The current evidence on the efficacy of antidepressants for musculoskeletal pain appears conflicting, leading to the discrepancy in guideline recommendations. NICE does not recommend the use of antidepressants for LBP (National Institute for Health and Clinical Excellence, 2016), while the American College of Physicians guidance suggests considering duloxetine as a second-line drug treatment for chronic LBP (Chou et al., 2017). Similarly, NICE does not make a specific recommendation on antidepressants for OA (National Institute for Health and Care Excellence, 2022b) but OARSI guidance makes a conditional recommendation on duloxetine for people with OA and widespread pain or depression (Bannuru et al., 2019). Despite the small effects at the group level reported in the present evidence, some treated individuals may gain a worthwhile benefit from antidepressants. For example, absolute effect sizes for physical treatments for LBP are of similar magnitudes to those reported in the previous review (Ferreira et al., 2021) and translate into NNT of between 5 and 9 (Froud et al., 2009; Underwood and Tysall, 2021).

Antidepressants such as amitriptyline, citalopram, duloxetine, fluoxetine, paroxetine or sertraline are suggested by NICE guidelines to manage chronic primary pain (e.g., fibromyalgia) for adults (National Institute for Health and Care Excellence, 2021a). Most antidepressants are off-label use since, to date, only three pharmacological agents—pregabalin (i.e., gabapentinoids), duloxetine and milnacipran—approved by the United States Food and Drug Administration to treat fibromyalgia. A meta-analysis evaluated the efficacy and harms of antidepressants in the management of fibromyalgia syndromes (Hauser et al., 2012). The standardised mean differences of SNRIs, selective serotonin reuptake inhibitors (SSRIs), and TCAs on pain, sleep, fatigue, depression and health-related quality of life were all significant, despite only a small effect size reported. The NNT was estimated as 10.0 (95% CI = 8.0, 13.4) for SNRIs, 6.3 (95% CI = 4.1, 14.1) for SSRIs, and 4.9 (95% CI = 3.5, 8.0) for TCAs (Hauser et al., 2012).

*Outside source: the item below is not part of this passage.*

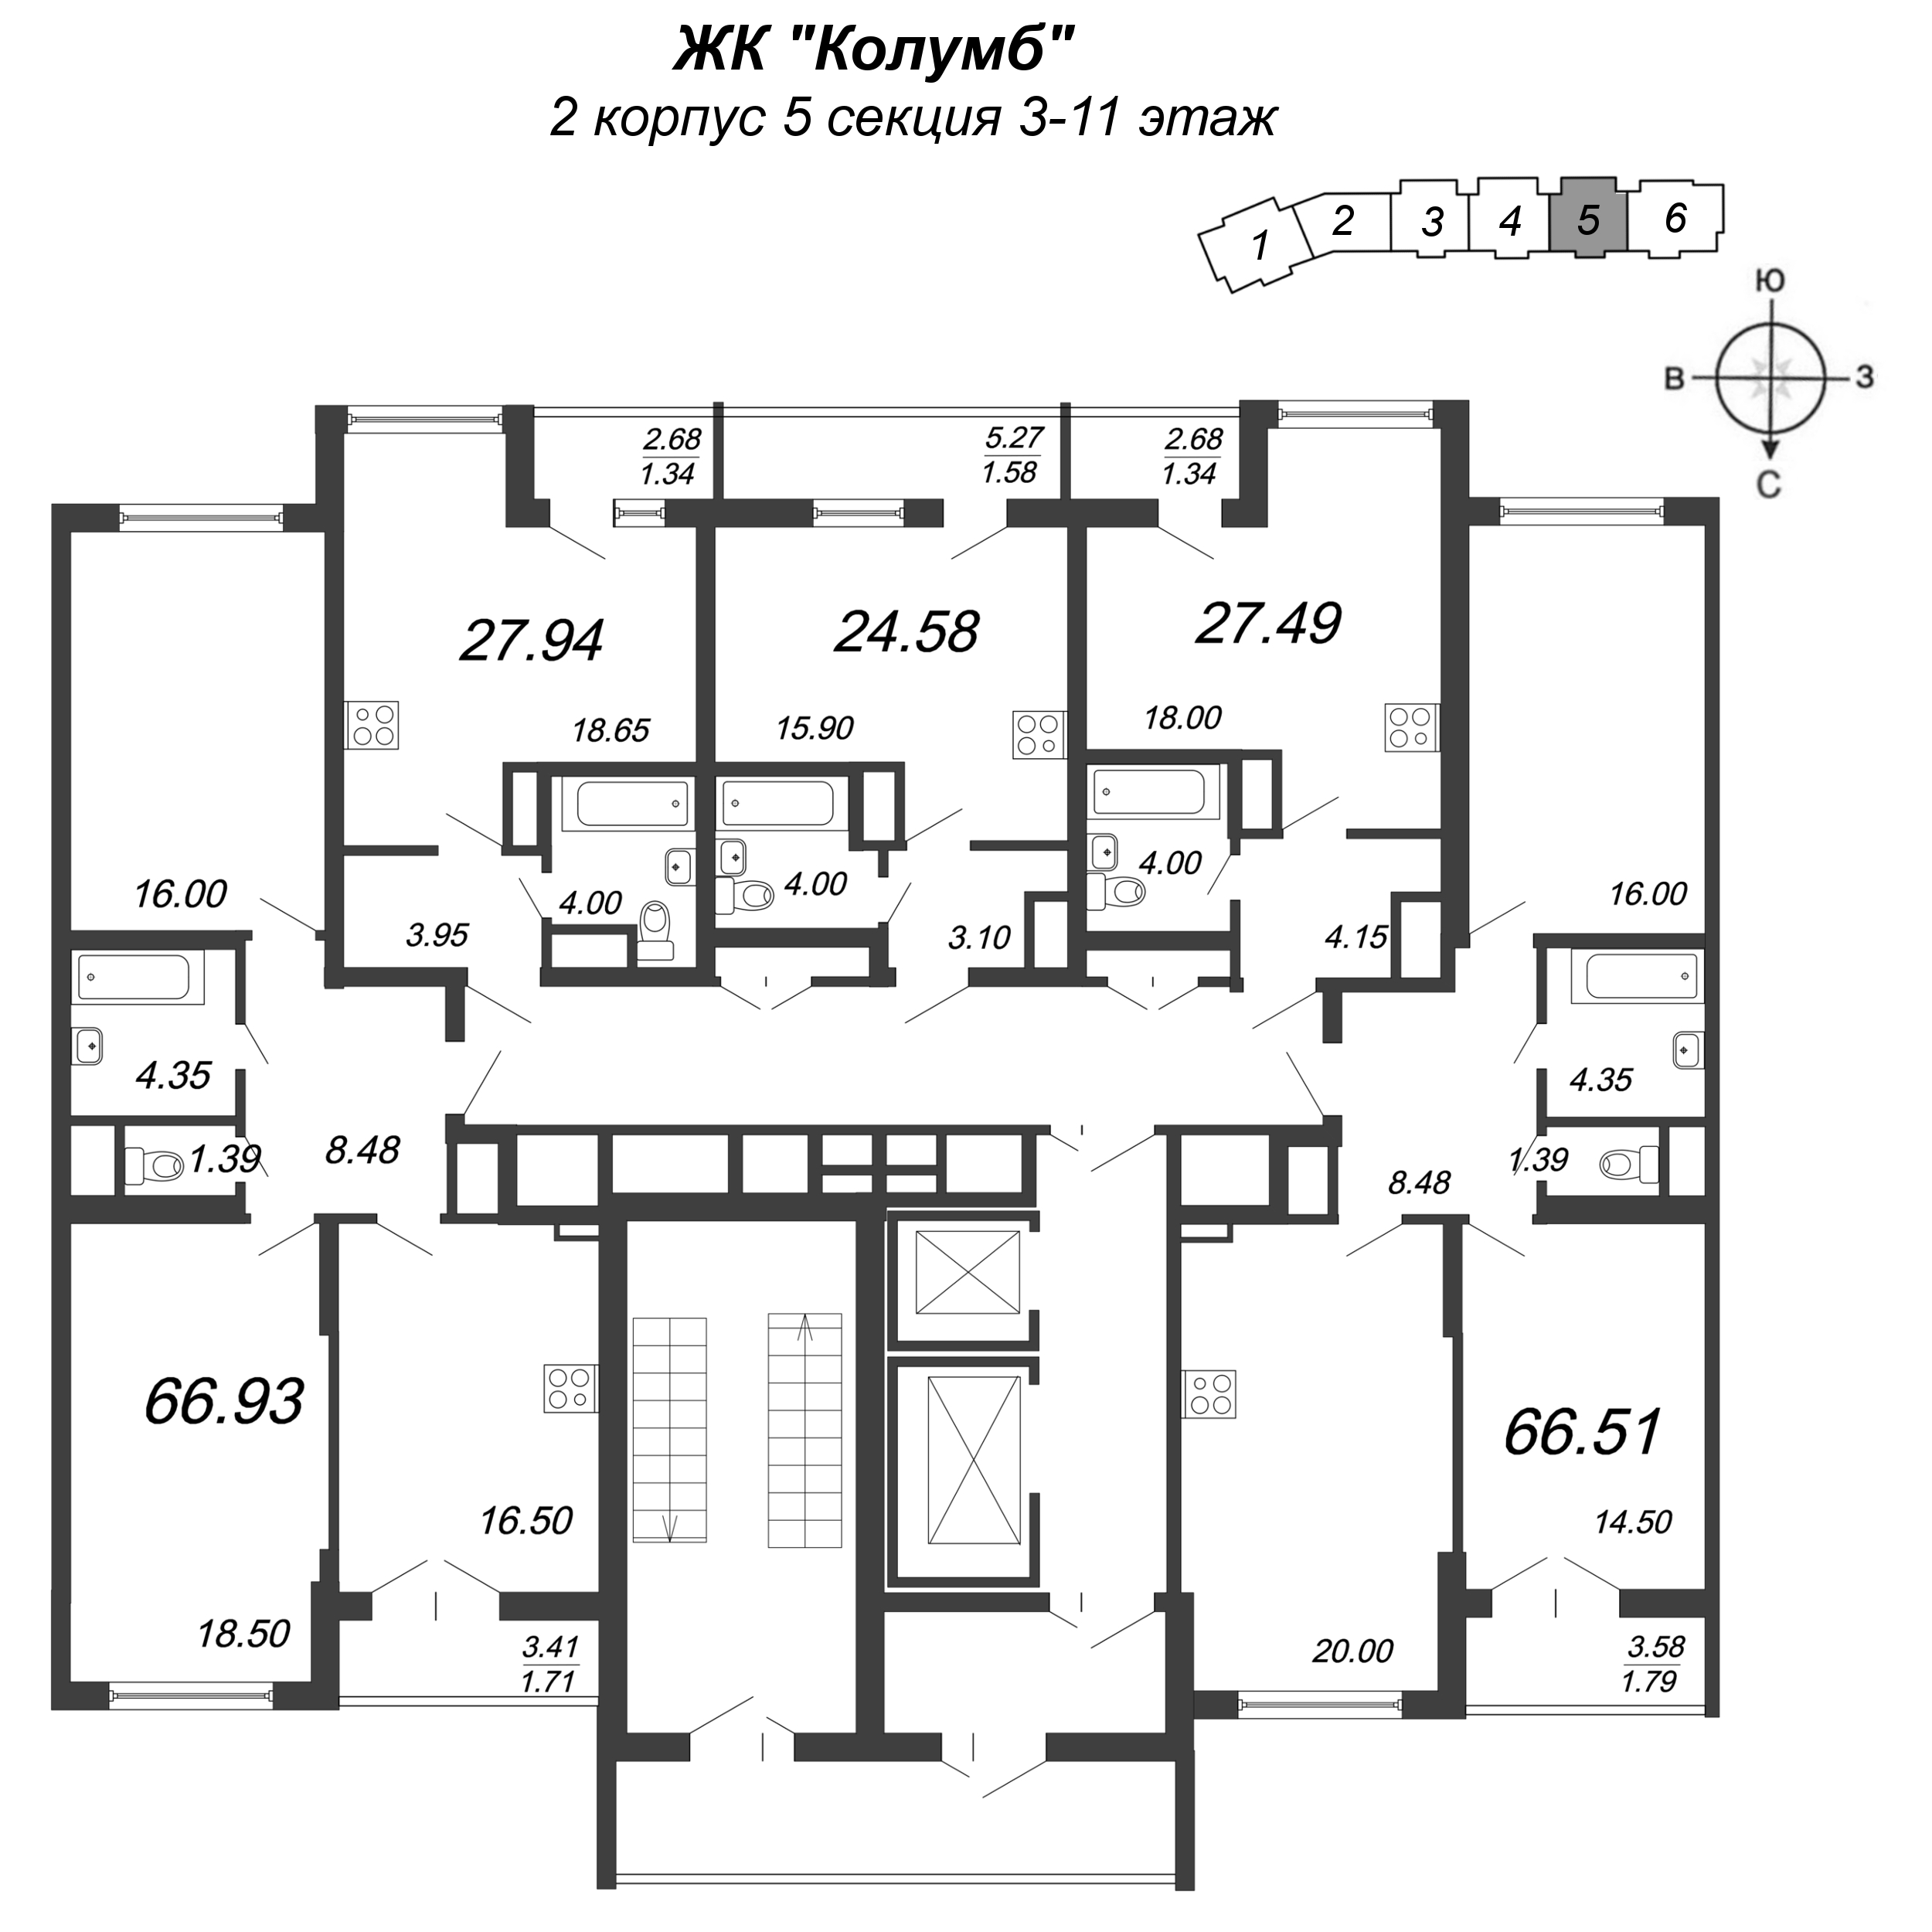 3-комнатная (Евро) квартира, 67.8 м² - планировка этажа

The RR of dropouts due to adverse events was higher for SNRIs (1.83, 95% CI = 1.53, 2.18) but was not statistically different for SSRIs and TCAs (Hauser et al., 2012). Although antidepressants are increasingly prescribed for fibromyalgia as per guideline recommendations, physicians and patients should be realistic about the balance between the benefits and harms of antidepressants.

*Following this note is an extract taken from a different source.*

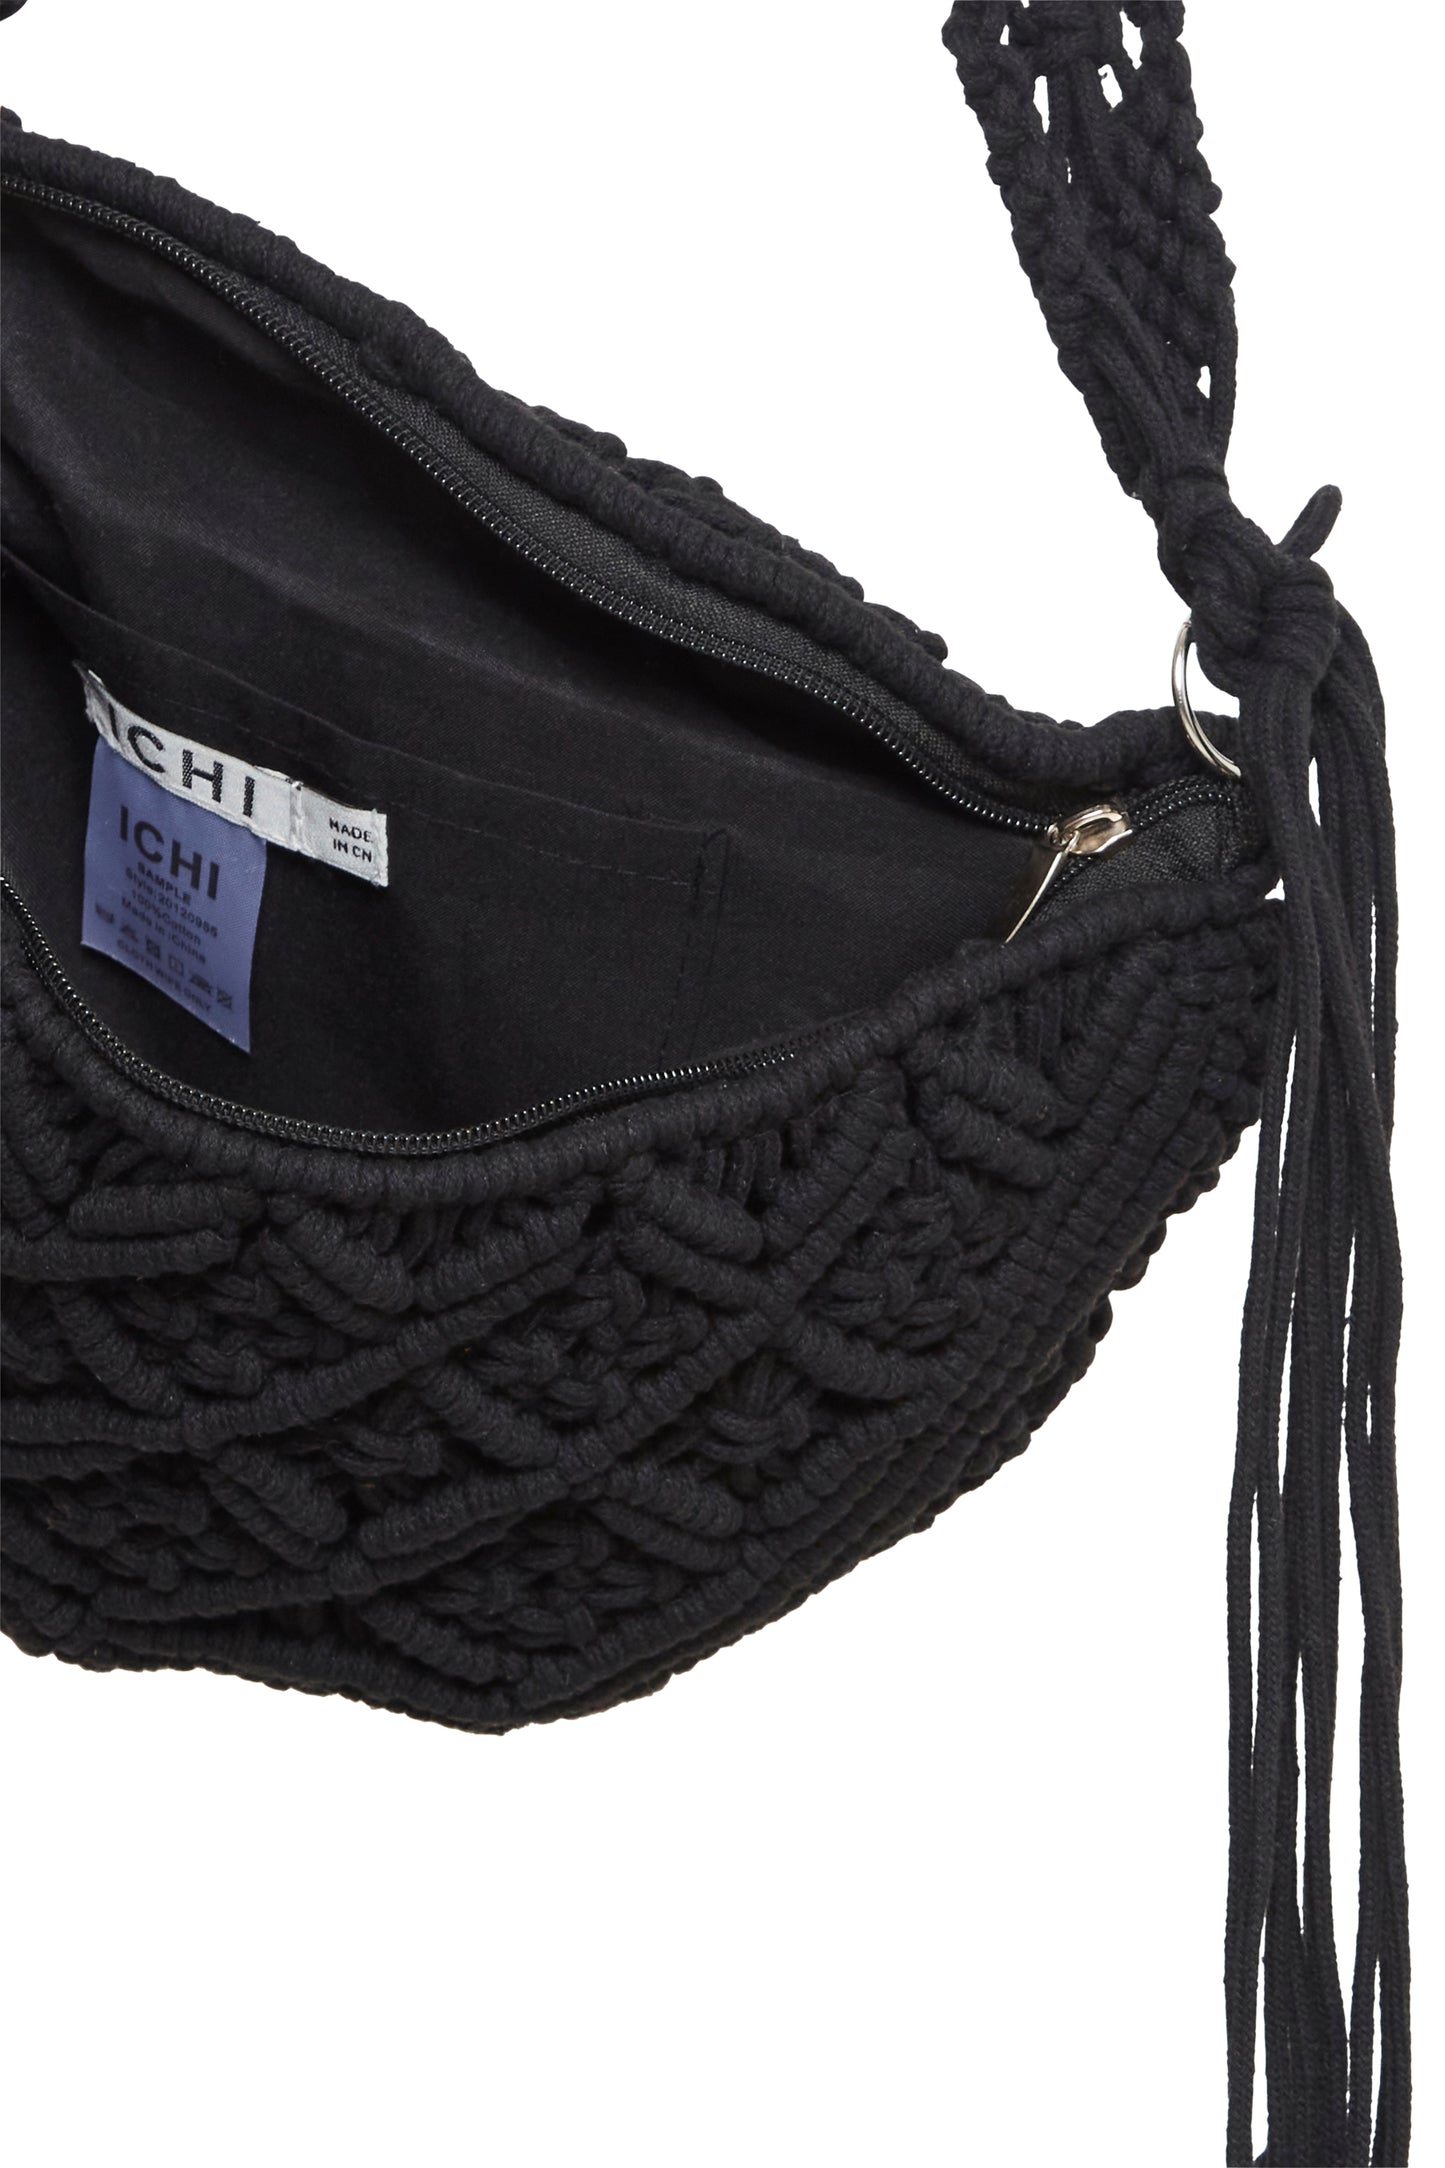 ICHI Veran Crochet Bag - Black

The inconsistent recommendations of antidepressants across different guidelines are challenging, given the limited evidence on antidepressants’ efficacy for different RMDs. The current evidence indicates that for non-fibromyalgia RMDs, antidepressants have no important benefit that is less acceptable, less safe, and less tolerable (Ferraro et al., 2021).